E. Each Underwriter agrees, severally and not jointly, assuming all
Seller -Provided Information (defined below) is accurate and complete in all
material respects, to indemnify and hold harmless the Seller and the Company,
their respective officers and directors and each person who controls the Seller
within the meaning of the Securities Act or the Exchange Act against any and all
losses, claims, damages or liabilities, joint or several, to which they may
become subject under the Securities Act or the Exchange Act or otherwise,
insofar as such losses, claims, damages or liabilities (or actions in respect
thereof) arise out of or are based upon any untrue statement of a material fact
contained in the Derived Information provided by such Underwriter, or arise out
of or are based upon the omission or alleged omission to state therein a
material fact required to be stated therein or necessary to make the statements
therein, in the light of the circumstances under which they were made, not
misleading, and agrees to reimburse each such indemnified party for any legal or
other expenses reasonably incurred by him, her or it in connection with
investigating or defending or preparing to defend any such loss, claim, damage,
liability or action as such expenses are incurred. The several obligations of
each Underwriter under this Section 8(E) shall be in addition to any liability
which each Underwriter may otherwise have.

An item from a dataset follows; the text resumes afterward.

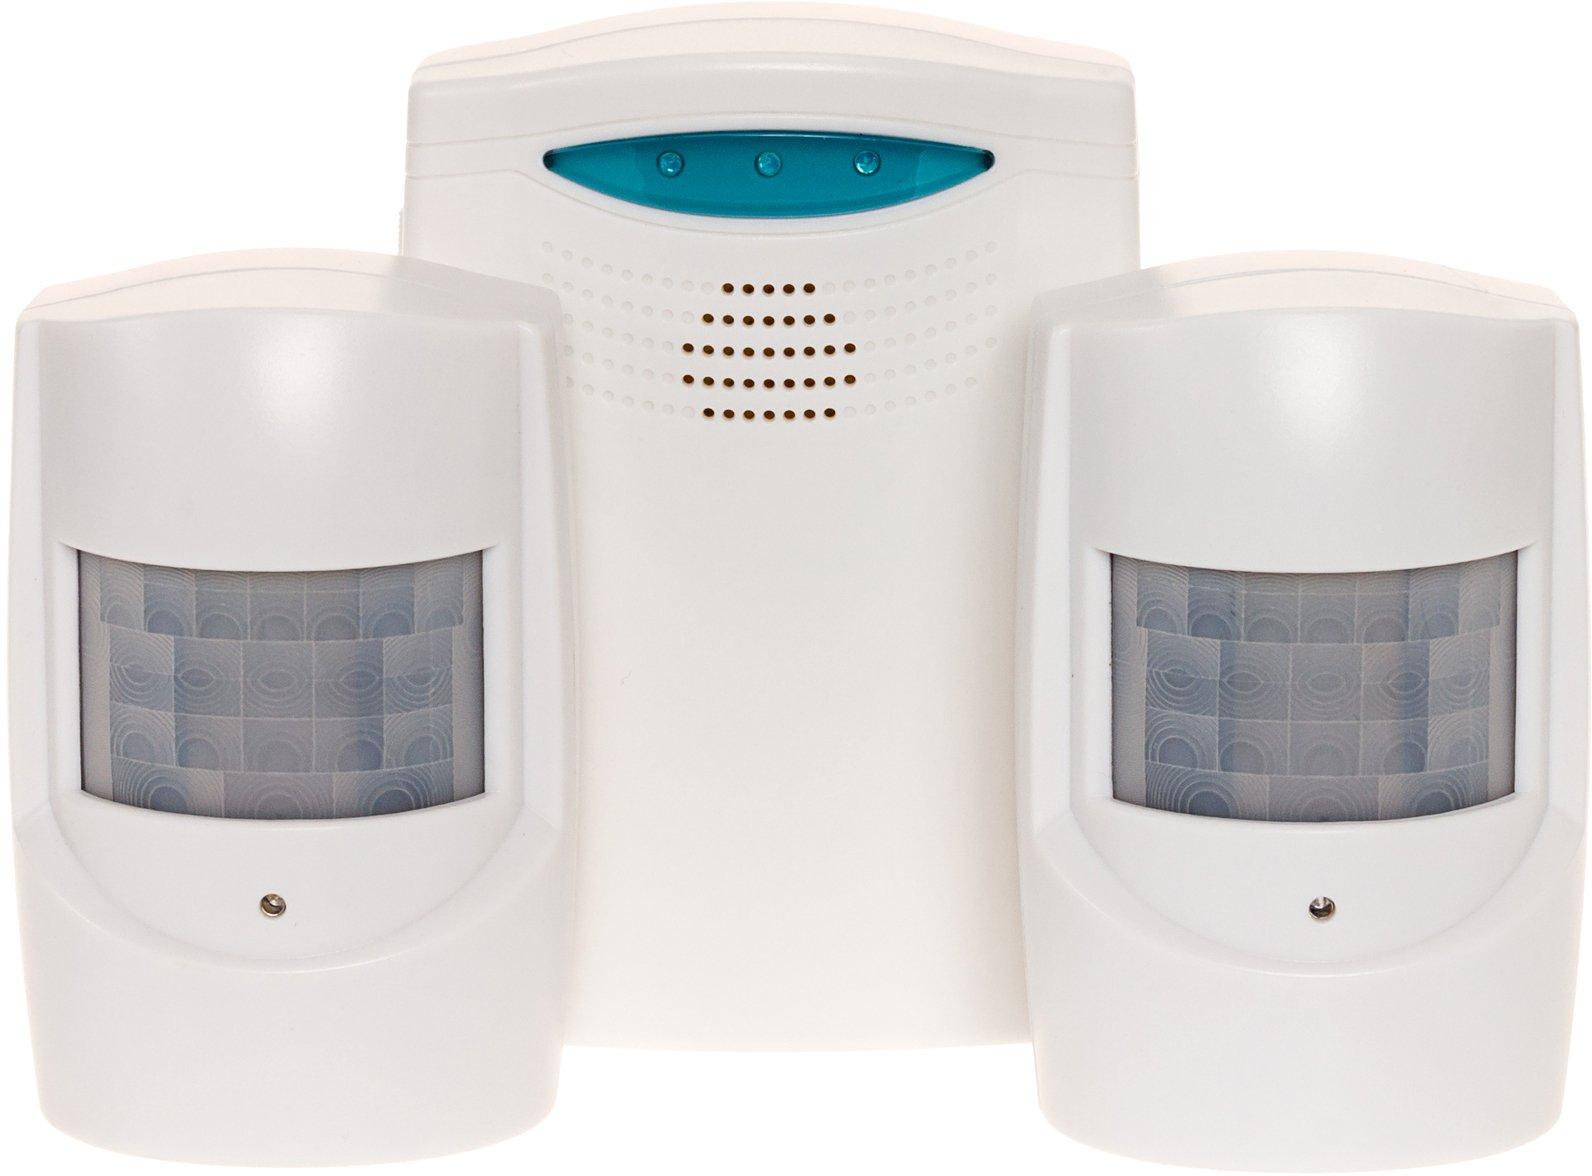 Wireless Home Security System - 1x Alarm + 2x Sensor Set by Reusable Revolution
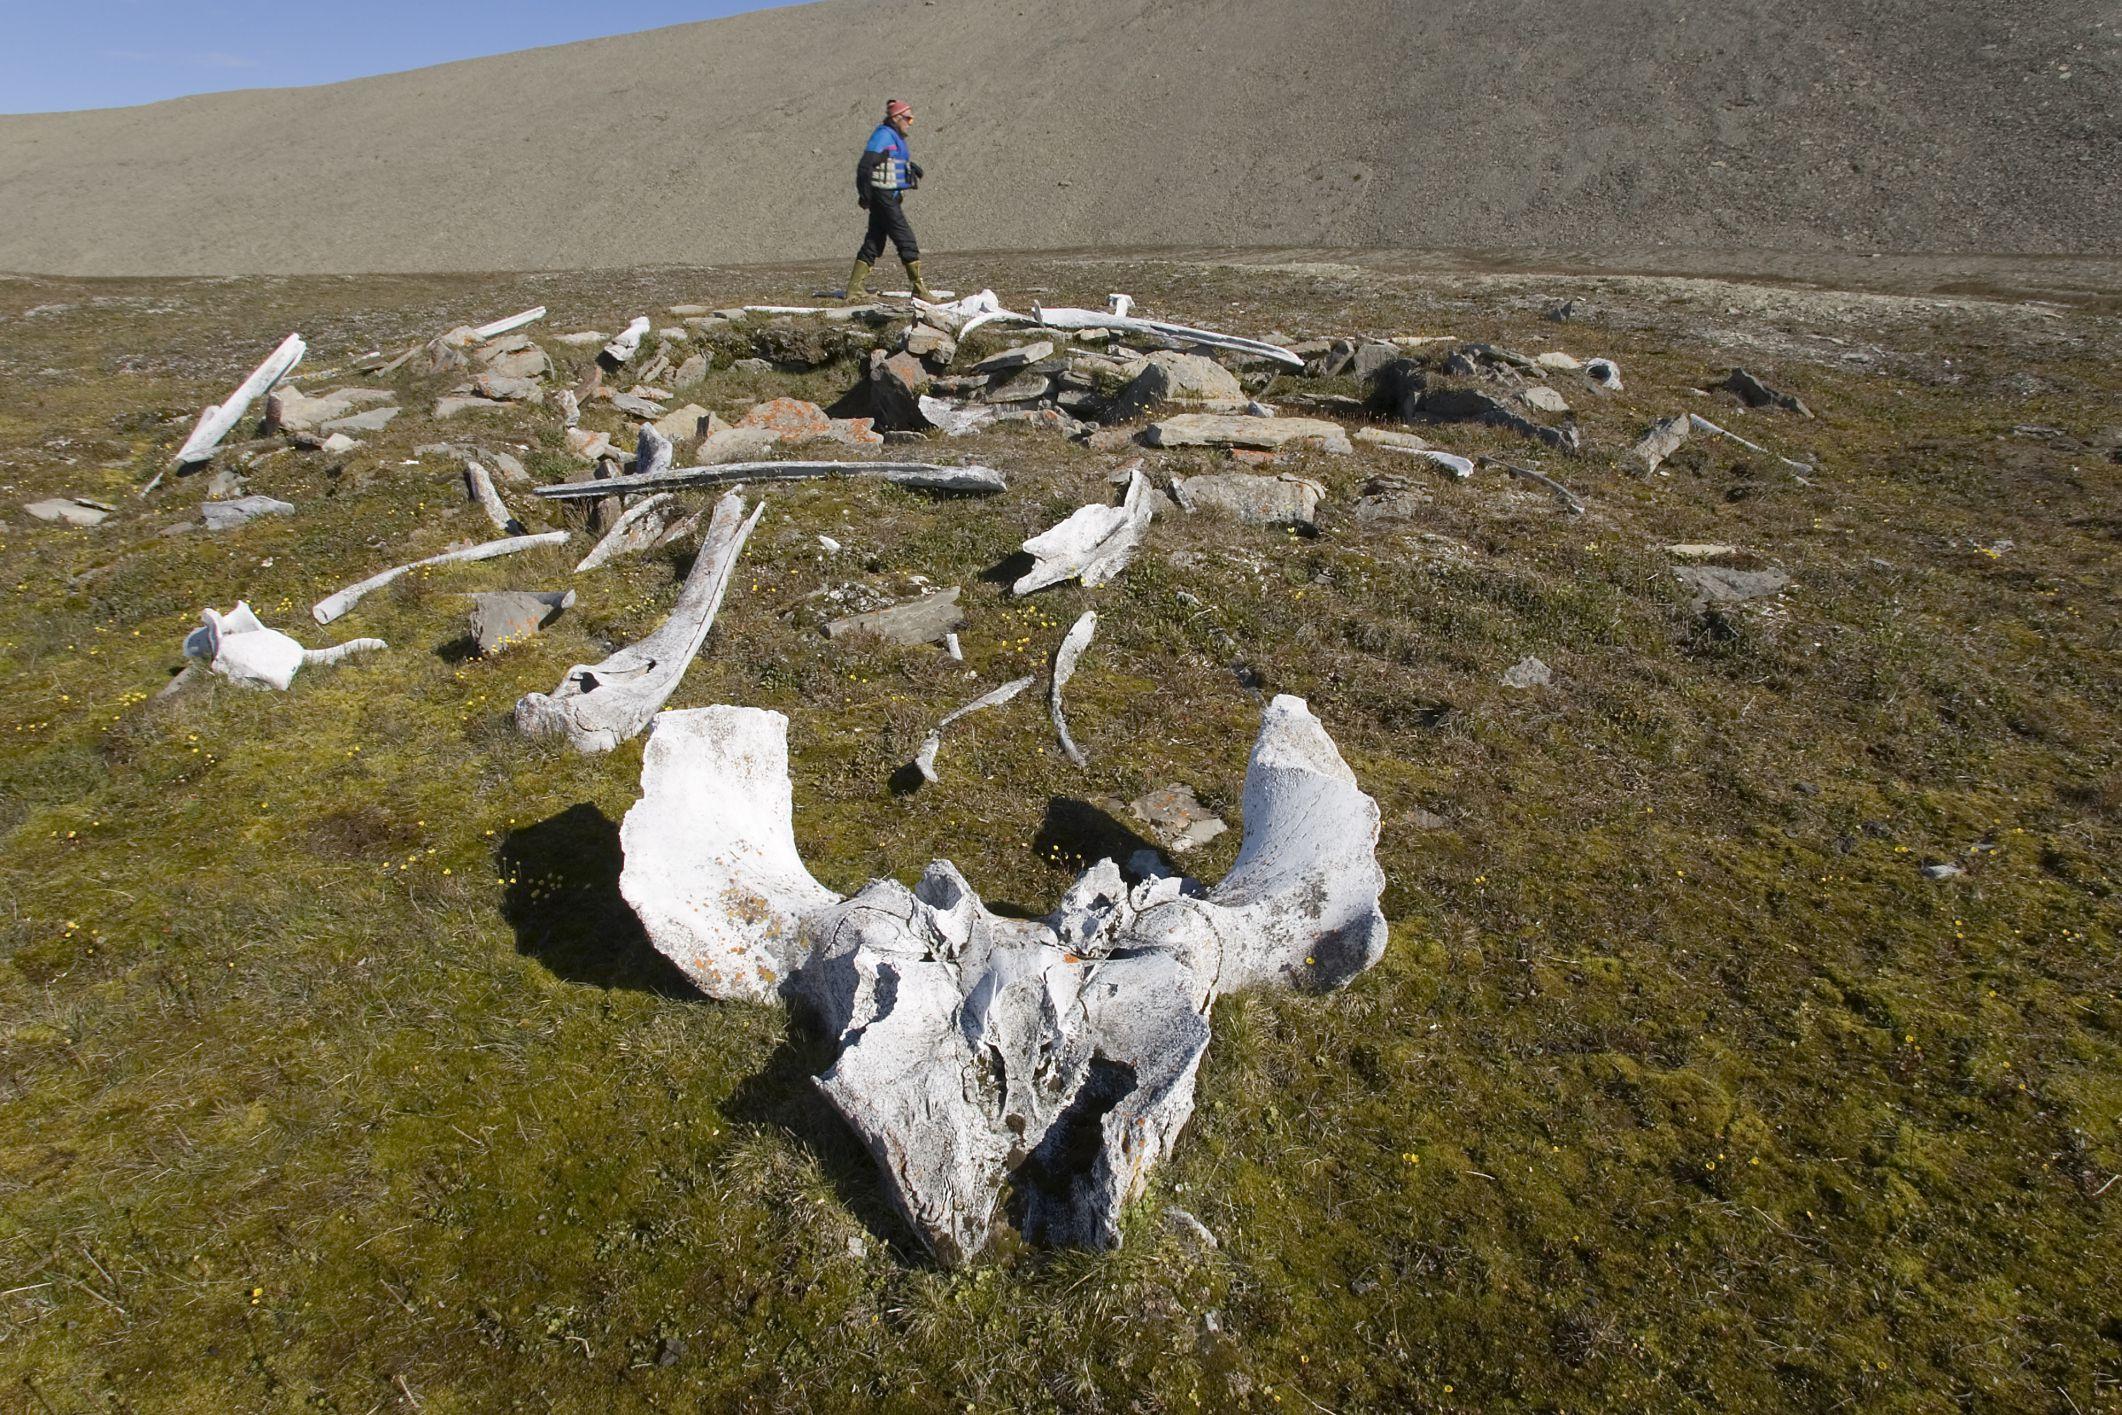 Inuit Semi-Υπόγειο Κατοικία με Bowhead Whale Bone στο Radstock Bay, Nunavut, Καναδάς

The procedures set forth in Section 8(C) shall be equally applicable
to this Section 8(E).
F. For purposes of this Section 8, the term "Derived Information"
means such portion, if any, of the information delivered to the Company pursuant
to Section 8(D) for filing with the Commission on Form 8-K as: (i) is not
contained in the Prospectus without taking into account information incorporated
therein by reference; and (ii) does not constitute Seller-Provided Information.
"Seller-Provided Information" means any computer tape furnished to the
Underwriters by the Seller concerning the assets comprising the Trust.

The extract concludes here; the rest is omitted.